Innovation is what drives our industry. The future of our business lies in attracting young people who are hardwired to solve business problems in innovative and creative ways.
So what motivates millennials who’ve been raised on digital social interactivity with an abundance of resources? It’s the need to use knowledge they’ve gained and implement it in meaningful ways.
Millennials are more intrinsically motivated by meaningful work and access to training than they are by extrinsic motivators such as compensation. As a cohort they have a hunger for information and access it more freely, more transparently and faster than any generation before them. In traditional organizational structures that require young staff to pay their dues in a “sink or swim” performance mentality, it’s easy to stifle their motivation.
The advertising and communication industries have long worshipped at the altar of creativity, though when we look for innovation we must understand there’s a fundamental difference between creativity and innovation. Creative people are passionate, sensitive, curious and open to new experiences, but perhaps better at identifying problems than solving them. An innovator is a person who can turn a brilliant idea into a successful service, product, message or experience.
Given the proper tools, creatively inclined people can become strong innovators and confidently apply their creativity to solve business problems. This includes millennials. However, skills development is often seen as a complex and expensive proposition for agencies to invest in on their own. Compounding the issue is an uncertain connection between investing in employee training and seeing a return on that investment.
Fairfax Cone, founder of Foote, Cone and Belding, observed many years ago that an agency’s greatest asset was its employees. That axiom is even more true today. The companies that nurture innovation win. The issue is recommitting to the belief that the success of our industry is built on the shoulders of highly engaged, problem-solving people.
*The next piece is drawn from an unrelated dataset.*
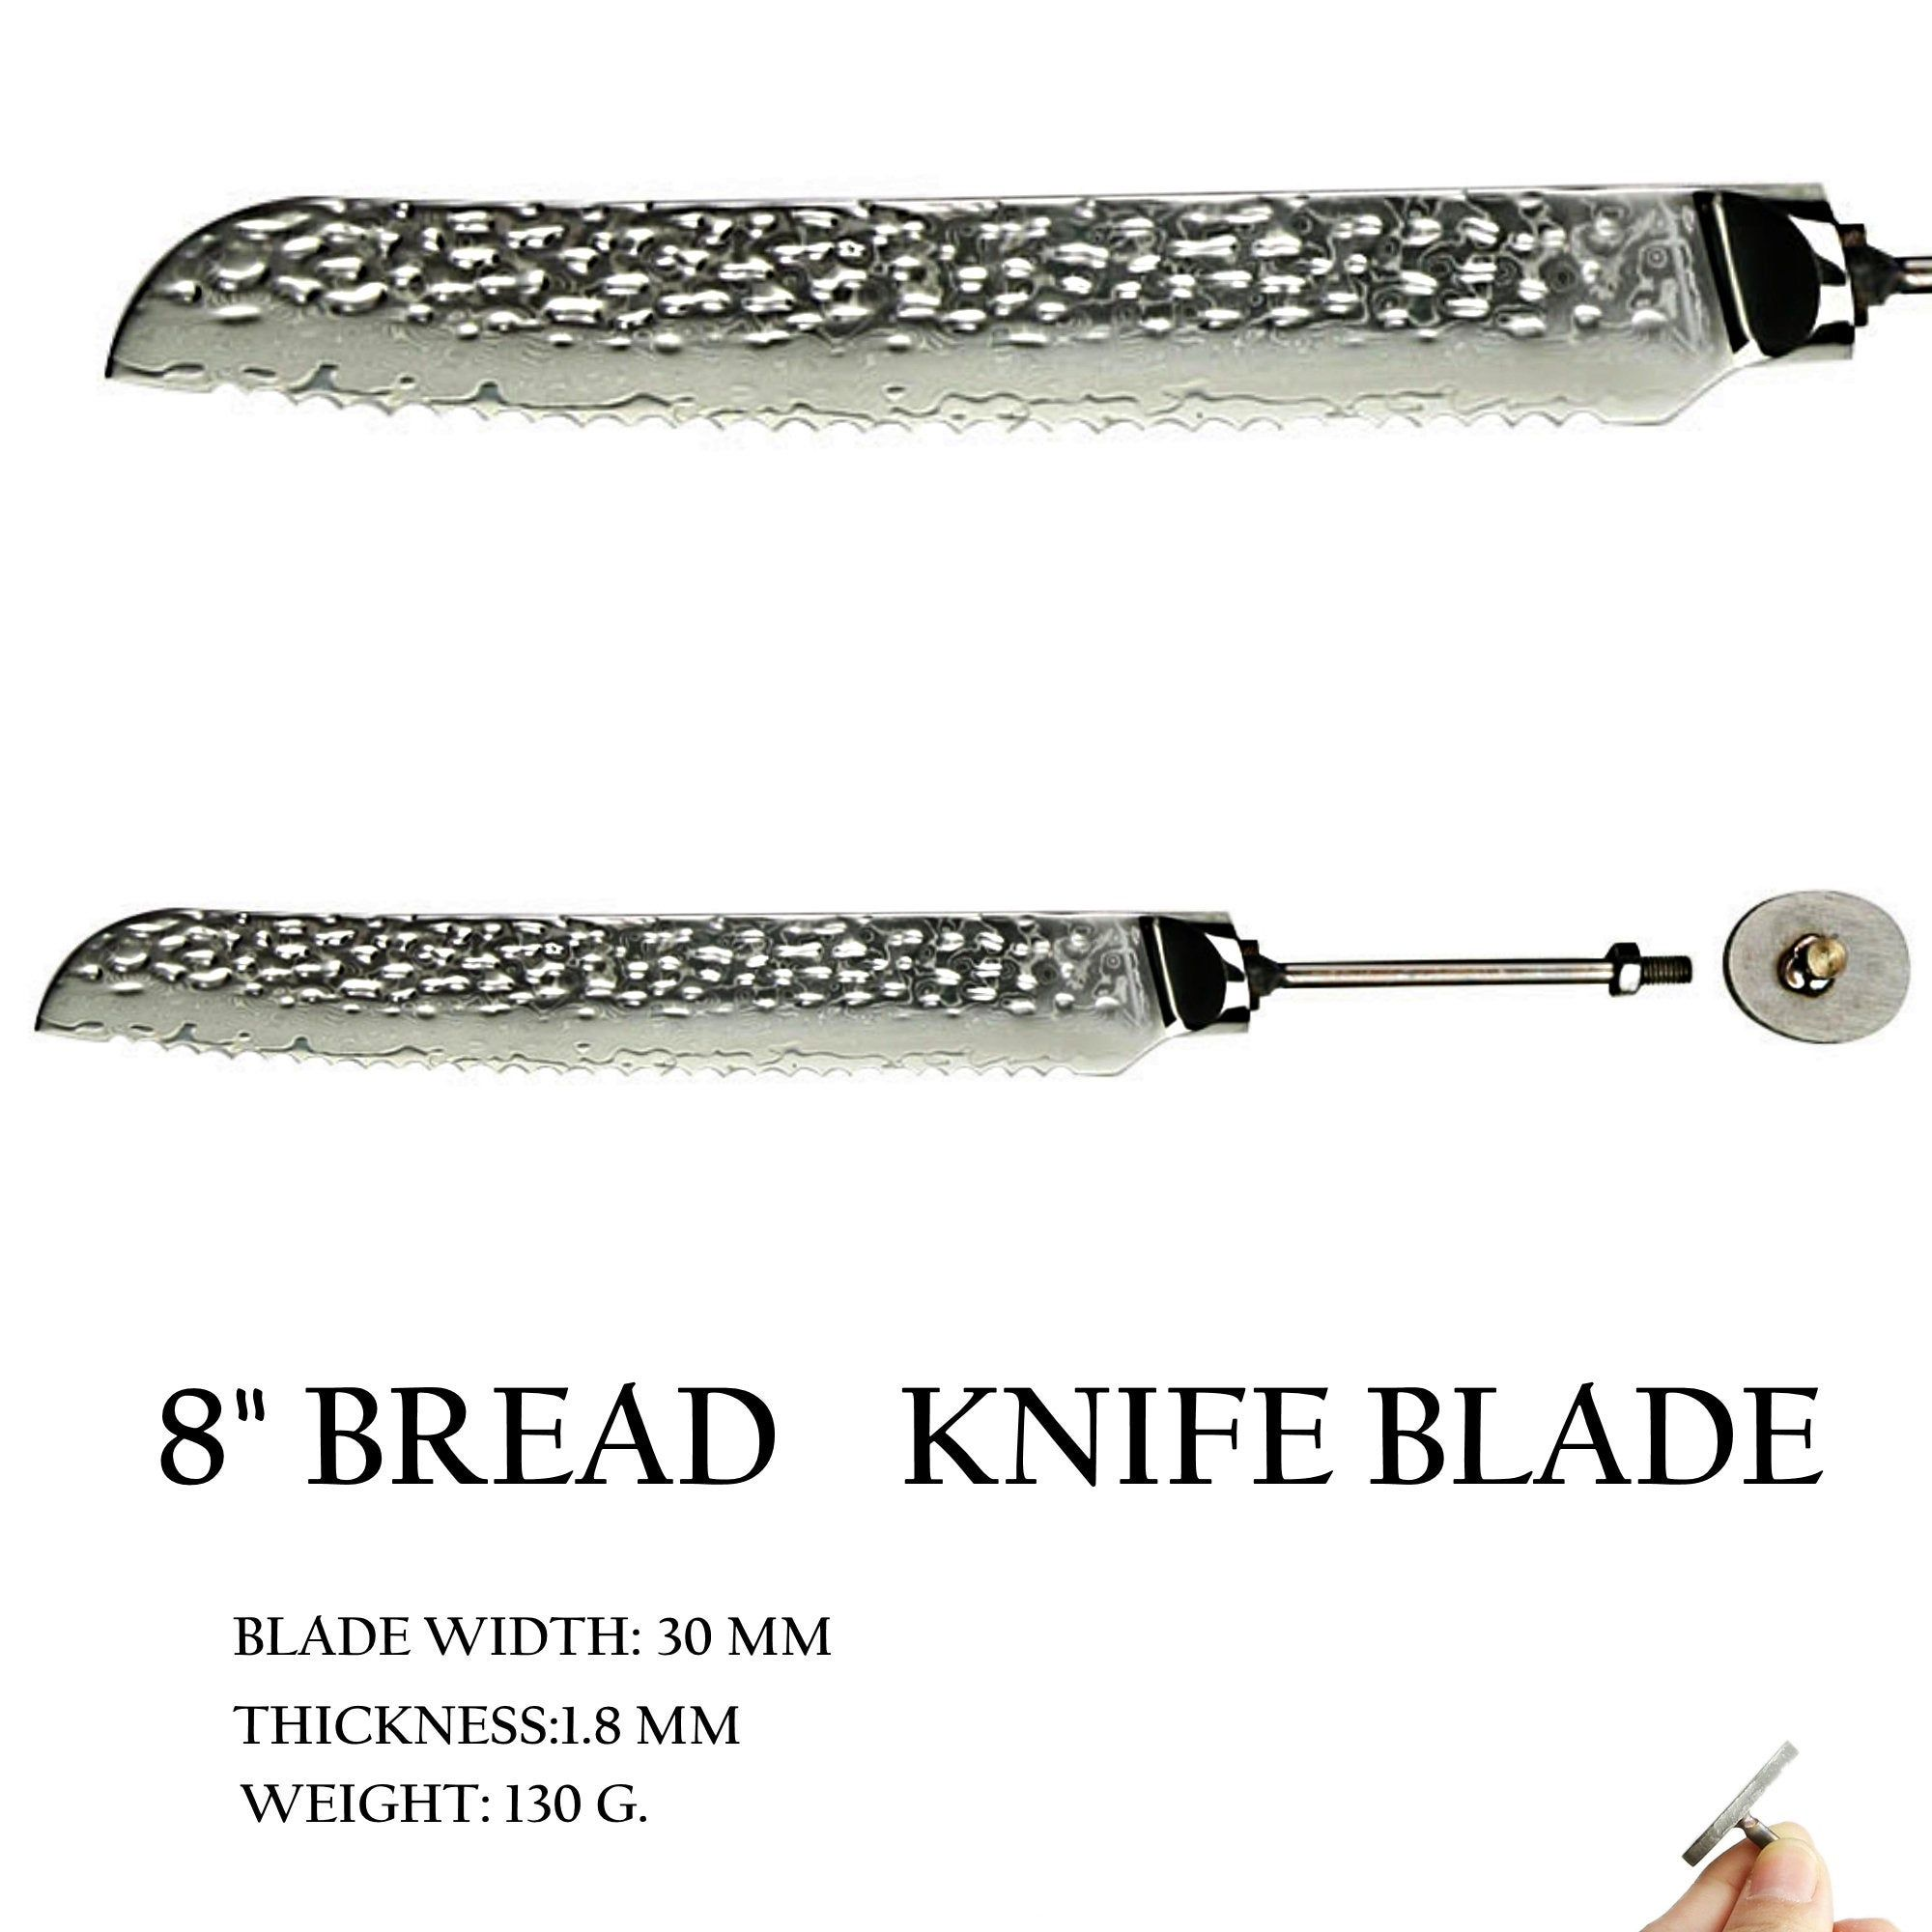 Blank Blade Diy Chef Knife Knife Making Kitchen Knife 8 Inch Etsy Chef Knife Damascus Steel Knife

The solution is to harness millennials’ ability to learn faster and provide them with greater opportunities to engage, while also supporting their need to build skills in framing business problems, thinking creatively and executing effectively. Millennials want to learn faster and contribute sooner, and innovative thinking skills can be built with learning, practice and mentorship.
One example of the kind of training available is the Hyper Island Master Class series, which took place in Vancouver last week. Another I’d put in a plug for (full disclosure: I work for the ICA) is the ICA’s CAAP professional accreditation program.
We are committed to finding ways to expand access to this program by unbundling all the skills offered within the CAAP program while providing direct access at an individual course level. Our goal is to bridge the gap between what people need to excel and what employers need to see as a tangible return on an investment in training.
The need for R&D in today’s business capital landscape is well documented. Only recently did the critical nature of human capital development start to be addressed. Development of the capabilities of our people is at least equal in importance to the business capital development of systems and processes. The time to shift the paradigm of what investment in “development” really means for our industry and for our people is now. The industry as a whole will be the better for it.
Suzanne Filiatrault is director, talent development at the Institute of Communication Agencies (ICA).